November / December, 2001

Water Table Management to
Enhance Water Quality and Farm Profit

By: H. W. Belcher

Michigan agricultural producers have many years experience controlling their subsurface drainage to enhance crop production. Much of the most productive crop land in Michigan has a naturally occurring shallow water table and relatively flat topography. To be productive those soils were artificially drained decades ago using underground pipes - first clay and concrete and more recently corrugated plastic tubing.

Figure 1. Drainage plow installing corrugated plastic tubing.

In the Saginaw Bay area, where the water level in outlet ditches is controlled by Lake Huron, drainage pumps are often required to discharge the drainage water. A few innovative farmers tried turning their pumps off after spring field work and then leaving them off through much of the summer. They often observed increased crop yield along with savings on their electric bill. A few of those farmers began experimenting with using their pumps to add water to the subsurface drainage systems during dry growing seasons. Pumping water into the drain pipes seemed to further increase crop yield.

A good idea has a way of getting out. In the early 80's Michigan producers began asking MSU agricultural engineers questions about using subsurface drainage systems for both drainage and irrigation. Responding to a growing interest, a multi-disciplinary team of engineers, soil scientists, agronomists, crop modelers, economists, farmers and drainage contractors was assembled and began planning applied research projects that would provide answers to the questions being asked. The research that resulted was designed to address the questions:

• does subirrigation work;
• what are the conditions for successful subirrigation;
• how should systems be designed and installed that are used for both drainage and irrigation;
• how should those systems be operated;
• what are the costs and benefits associated with subirrigation; and

Research and Demonstration

The answers began coming from field scale research initiated in 1984. That research started on a University owned production agriculture field and was followed by research on farmer owned fields located near Bannister, St. Johns and Unionville. Next came the 1986 Saginaw Bay Subirrigation / Drainage Project, a USDA project that funded 26 studies directly addressing questions concerning the economic, environmental, engineering and sociological opportunities and challenges associated with water table management expansion within five Saginaw Bay Counties - Bay, Huron, Saginaw, Sanilac and Tuscola.
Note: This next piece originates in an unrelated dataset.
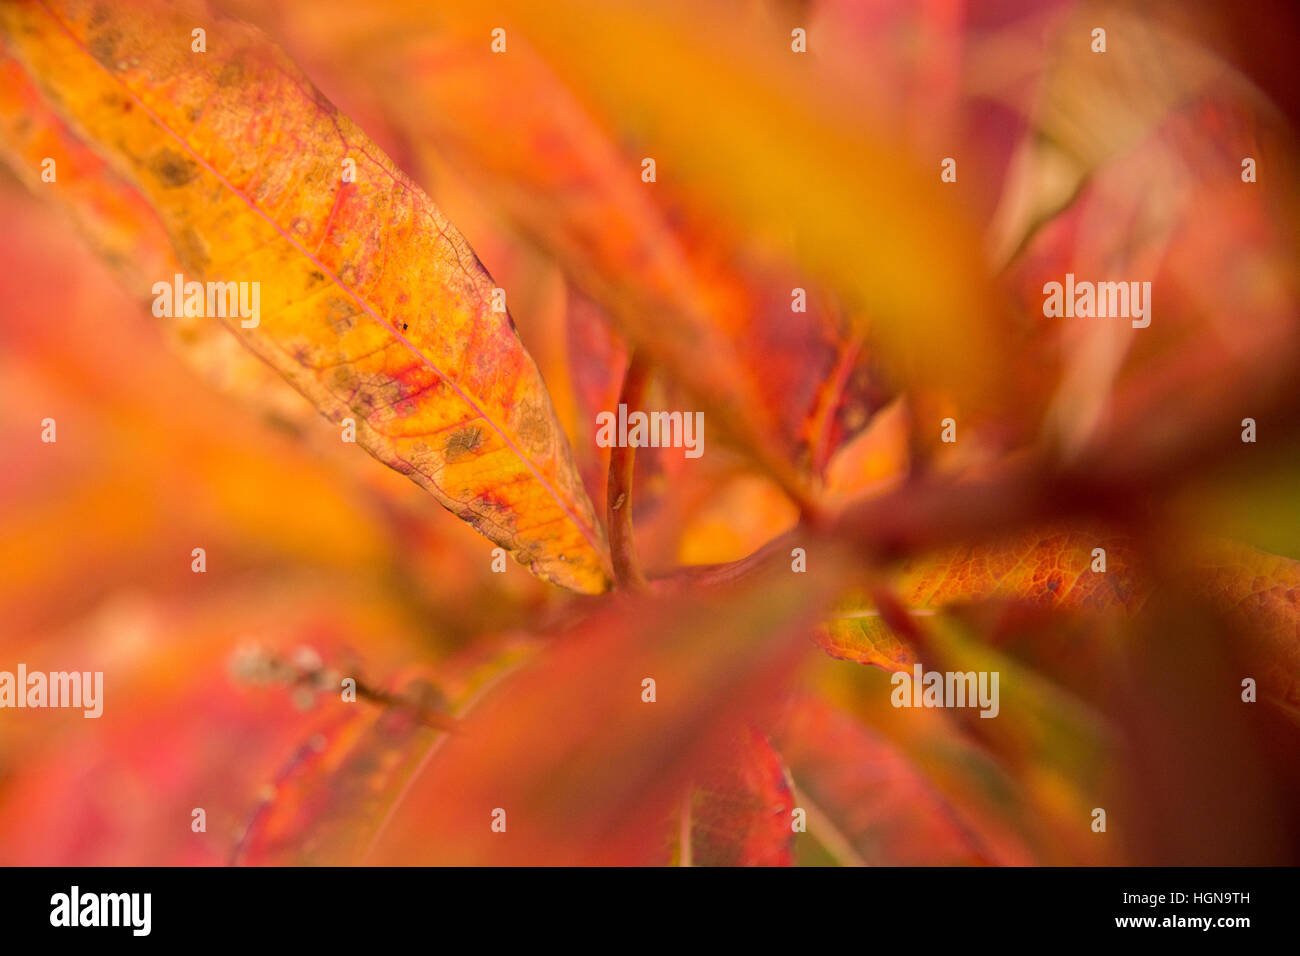 Rose Bay willow herb (Chamerion angustifolium) diventa rosso e yellowin autunno come la clorofilla si rompe. Foto Stock

The Saginaw Bay work led to a 10 year project (starting in 1991)on a privately owned field near Saginaw. The Saginaw site allowed replicated, multi-disciplinary data collection and included facilities to limit rain on intensively instrumented plots and to observe growing roots. How does subirrigation effect the edge of field surface and subsurface water quality?

Figure 2. Rain controlled intensive plots at Saginaw site.

Research Highlights

• Water Quality

  • At Bannister, for 20 months of monitoring beginning in 1987, the total dissolved nitrate-N delivered from the Bannister field to the outlet ditch by the subsurface drainage system was reduced 64% by subirrigating.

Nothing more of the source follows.